* [Exercise prompt]: Repeat the data exactly, leaving out any image.
Top of Recorded data
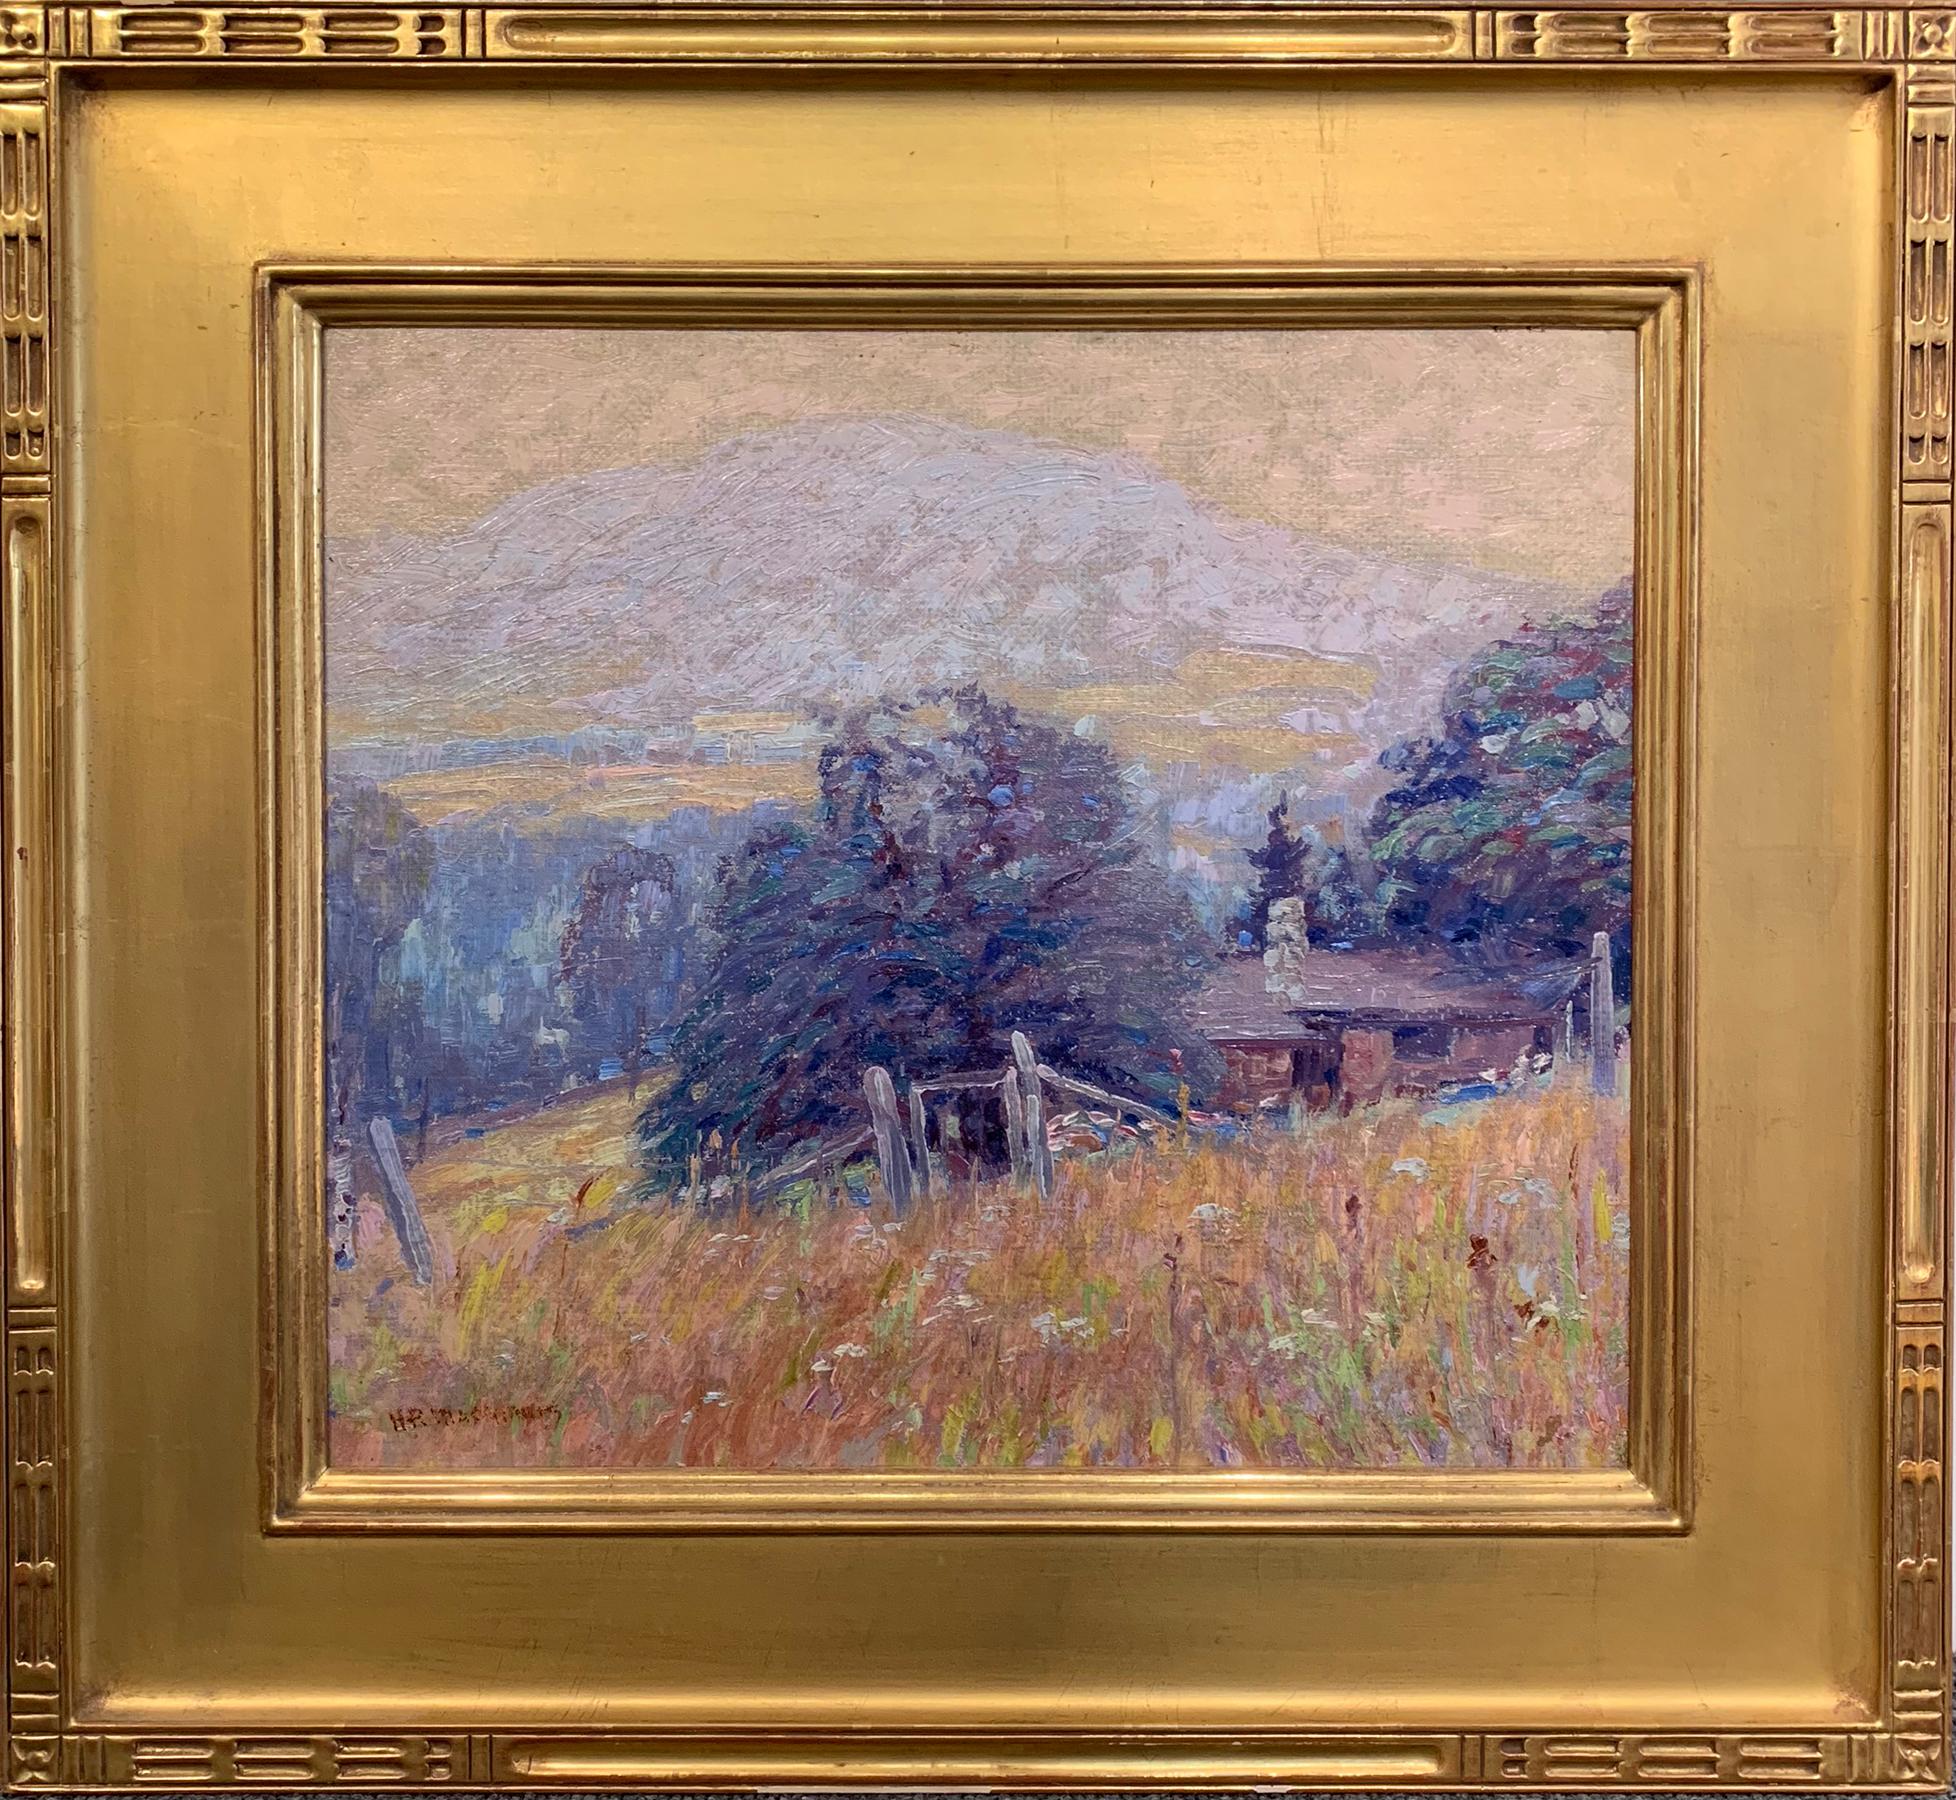 "Rocky Acres" by Henry Ryan MacGinnis is a 14" x 16" oil on masonite landscape painting. The work comes from the estate of the artist and is signed "H R MacGinnis" in the lower left. The painting is framed in a 22K gold reproduction frame.
Born in
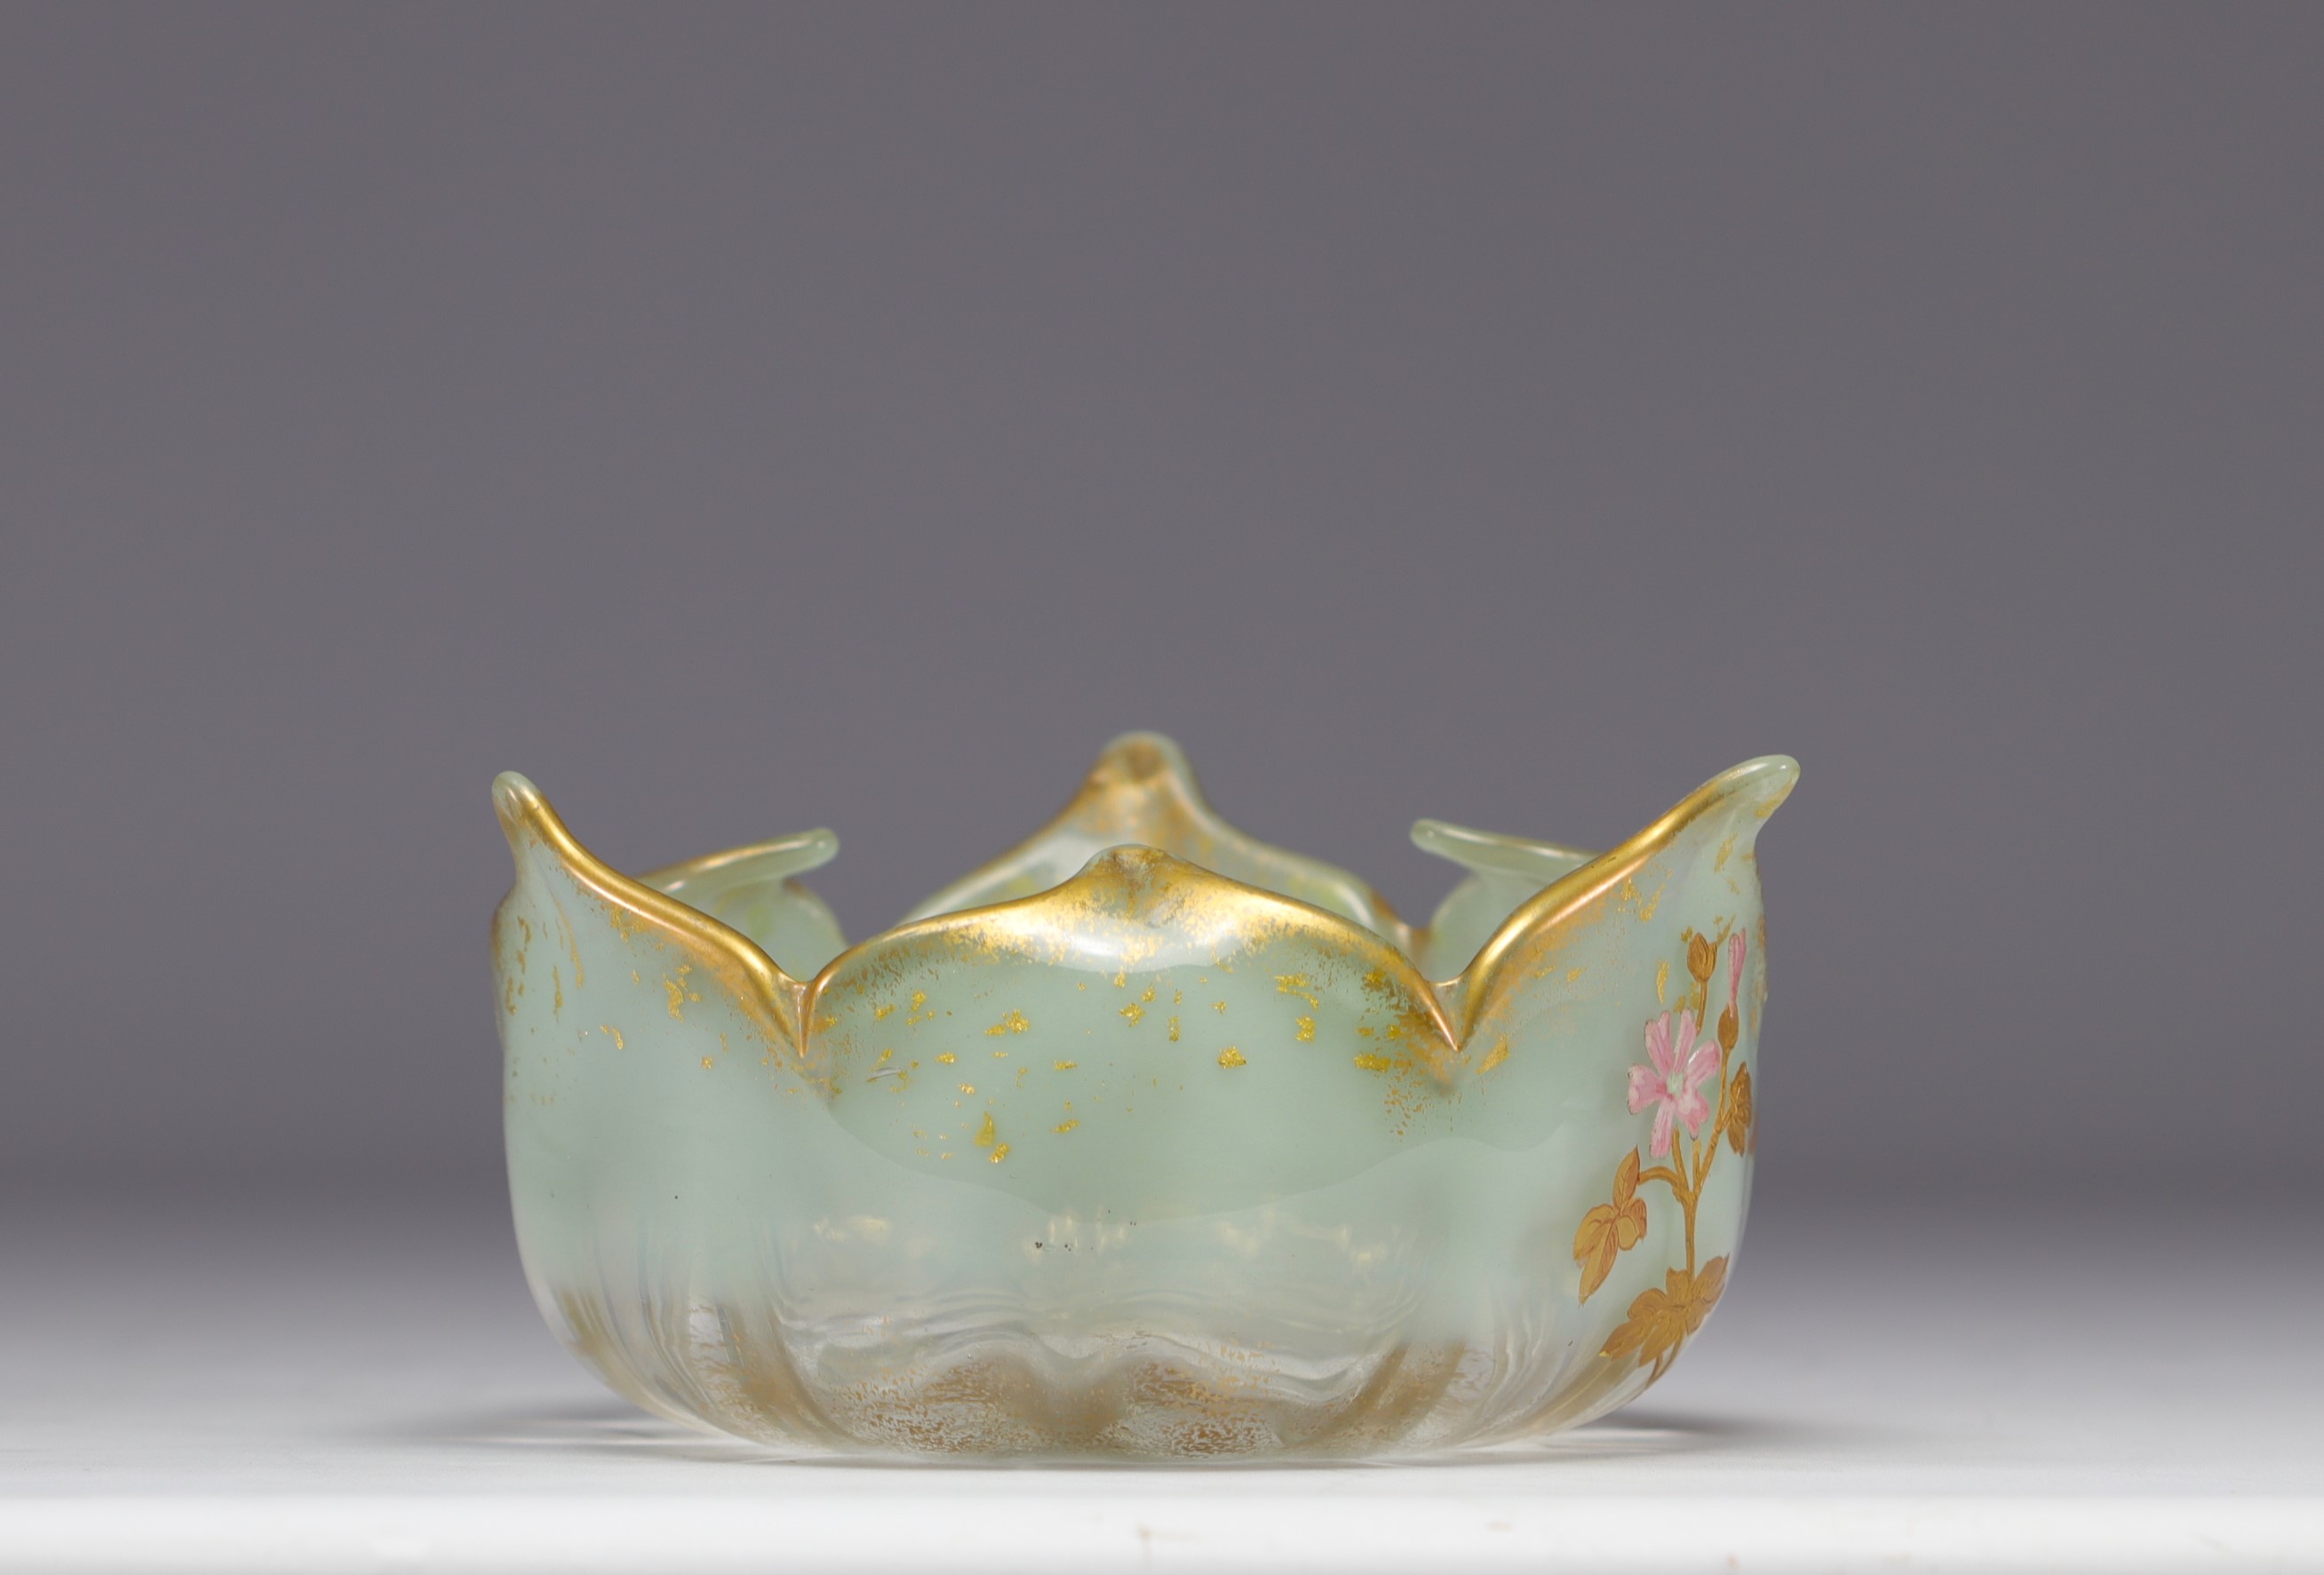 MONTJOIE, enameled three-lobed bowl with yellow and pink floral design on a green water background. - Image 3 of 3
Bottom of Recorded data
* [Answer box]:
 "Rocky Acres" by Henry Ryan MacGinnis is a 14" x 16" oil on masonite landscape painting. The work comes from the estate of the artist and is signed "H R MacGinnis" in the lower left. The painting is framed in a 22K gold reproduction frame.
Born in
 MONTJOIE, enameled three-lobed bowl with yellow and pink floral design on a green water background. - Image 3 of 3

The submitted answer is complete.